Activity
Pictures in the listing below are skipped, while the lines from the "Calorie Chocolate Fudge" line through the "Gabriela Philly Model" line are returned word for word.

(Supplied data)

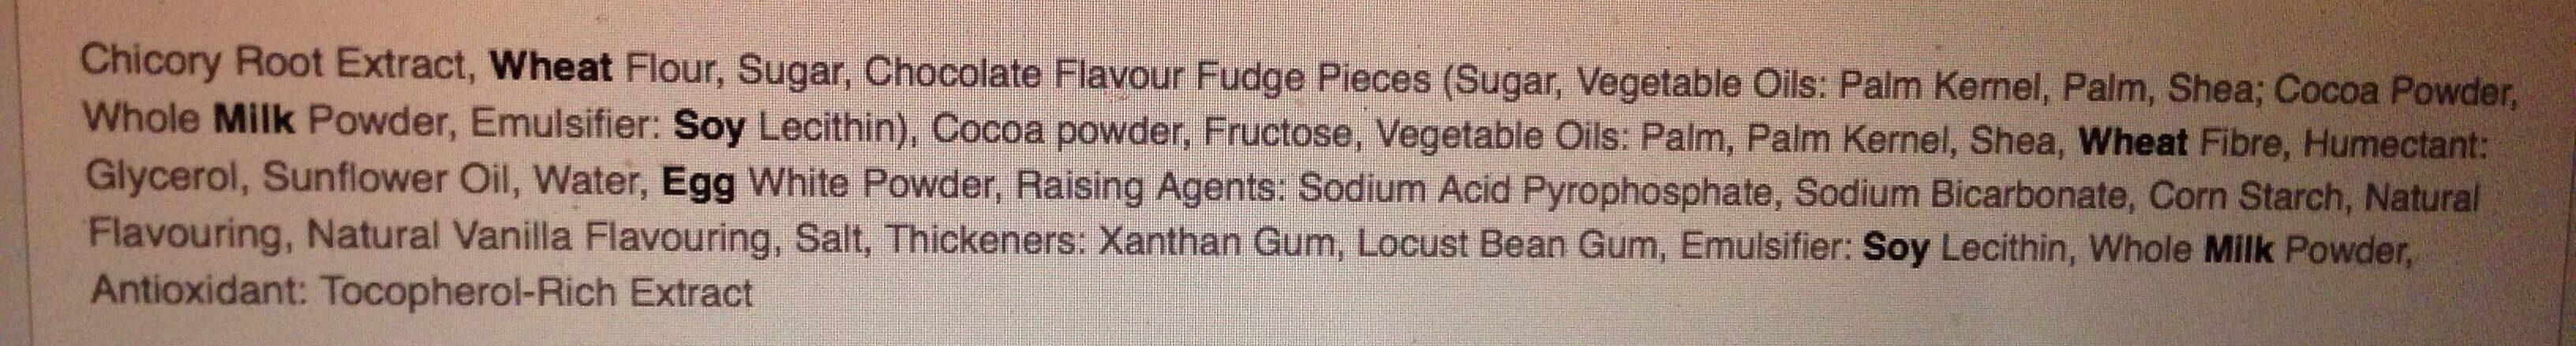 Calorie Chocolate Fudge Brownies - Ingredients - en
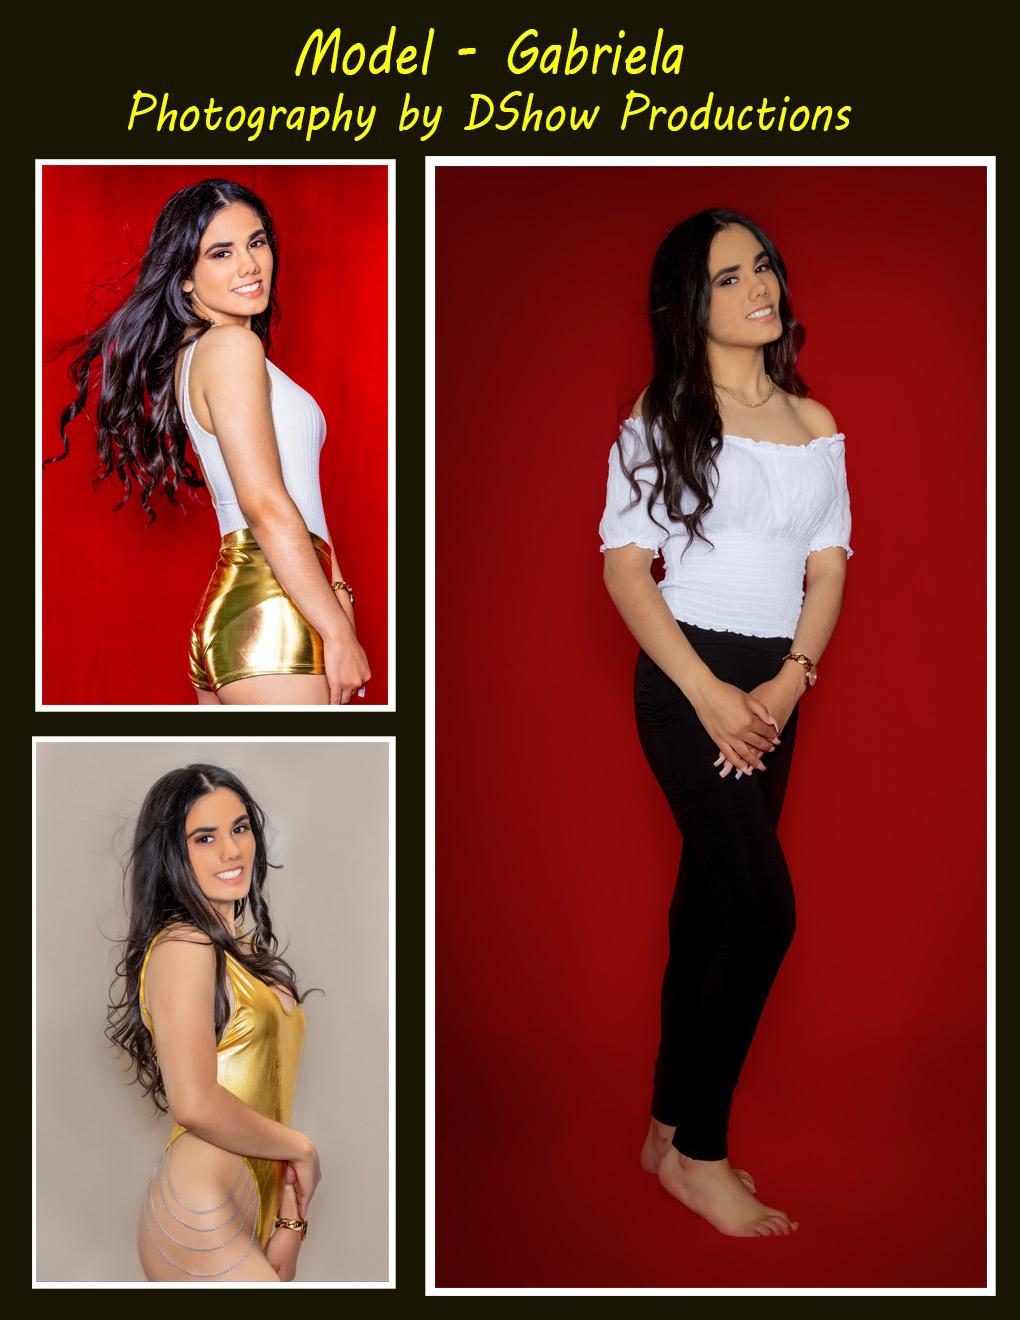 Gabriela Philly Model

(End Supplied data)
(Supplied data)

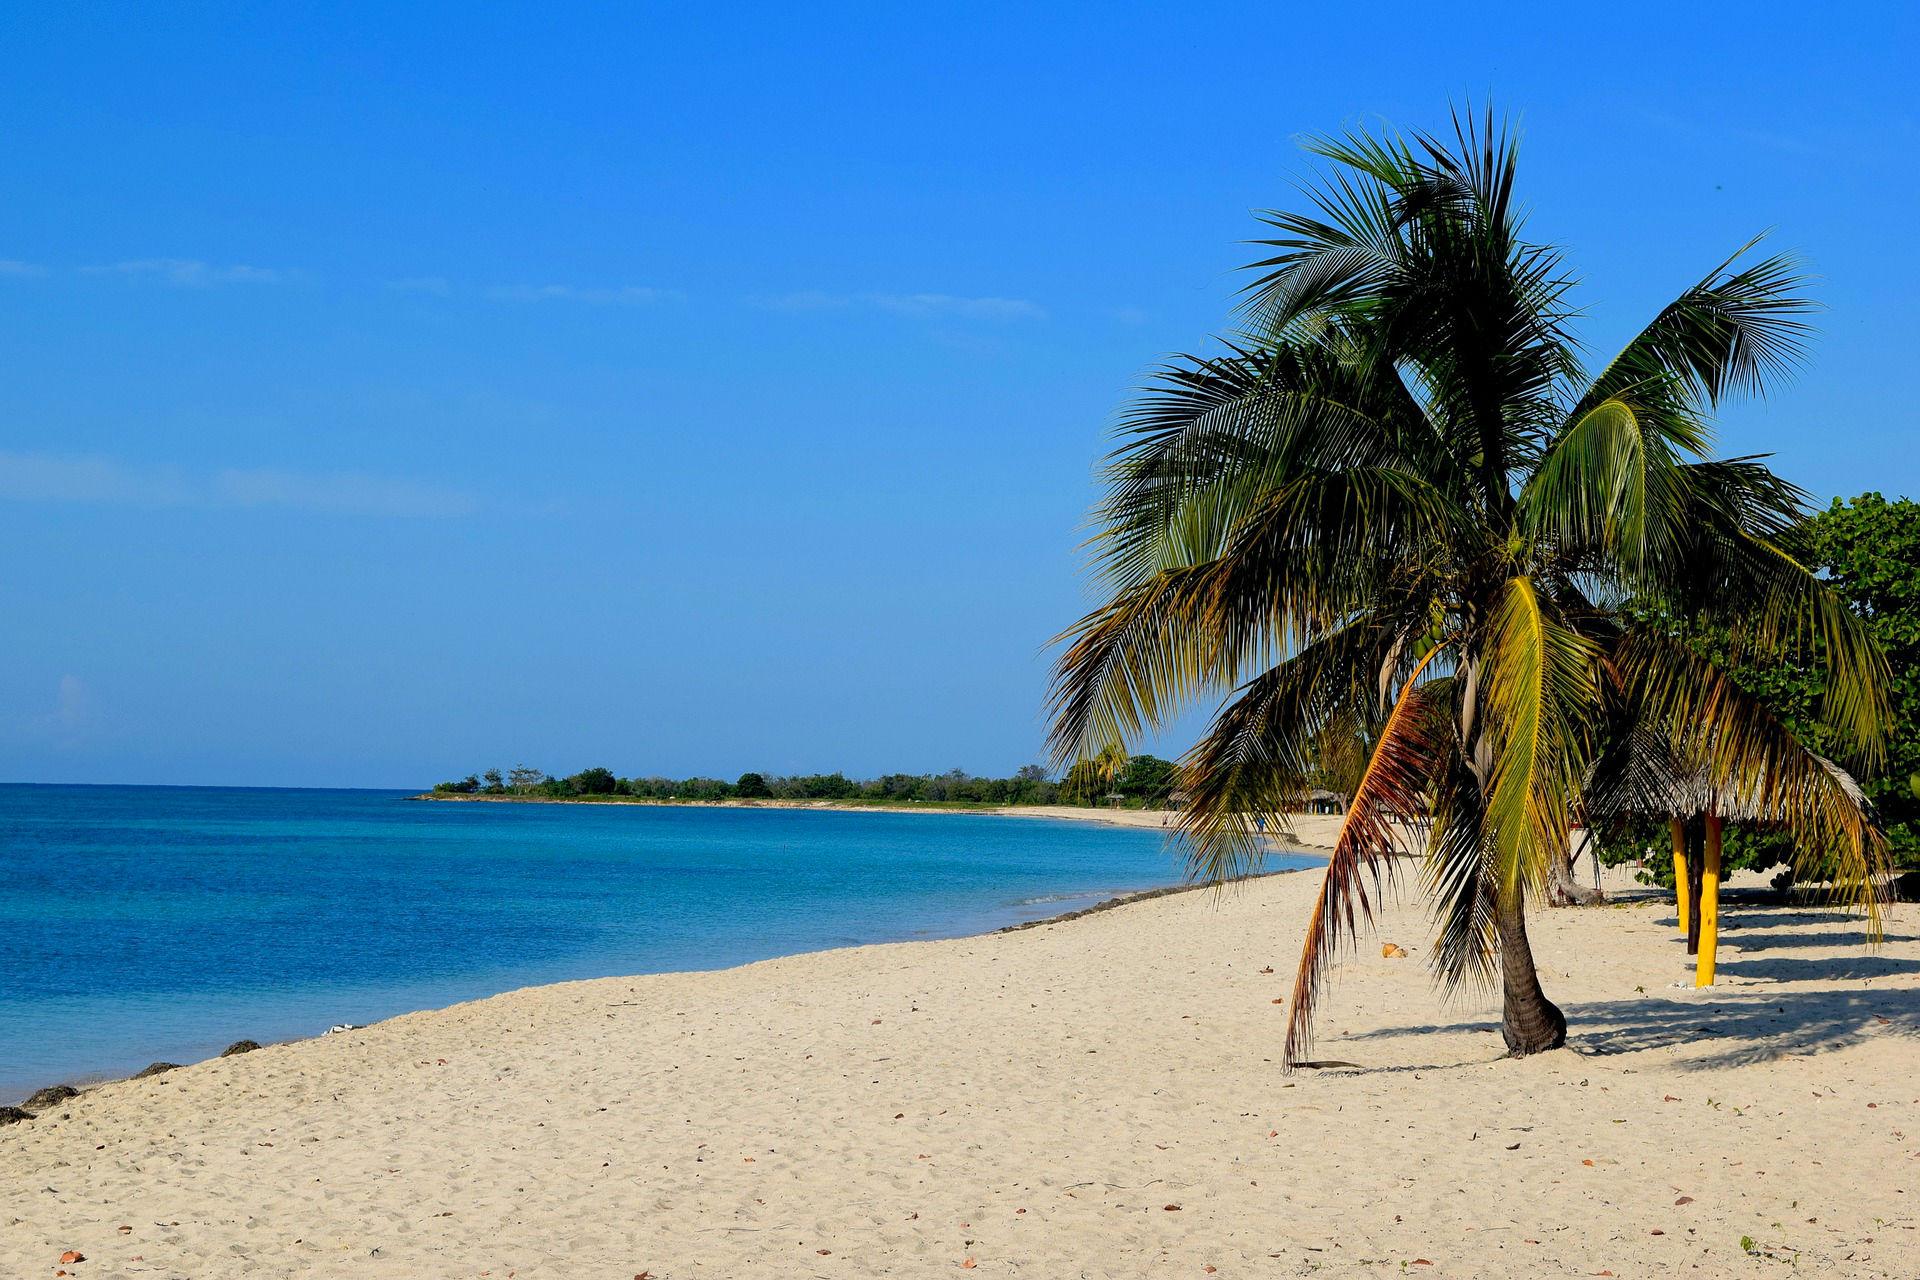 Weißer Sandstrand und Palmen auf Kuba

(End Supplied data)

Response area
 Calorie Chocolate Fudge Brownies - Ingredients - en
 Gabriela Philly Model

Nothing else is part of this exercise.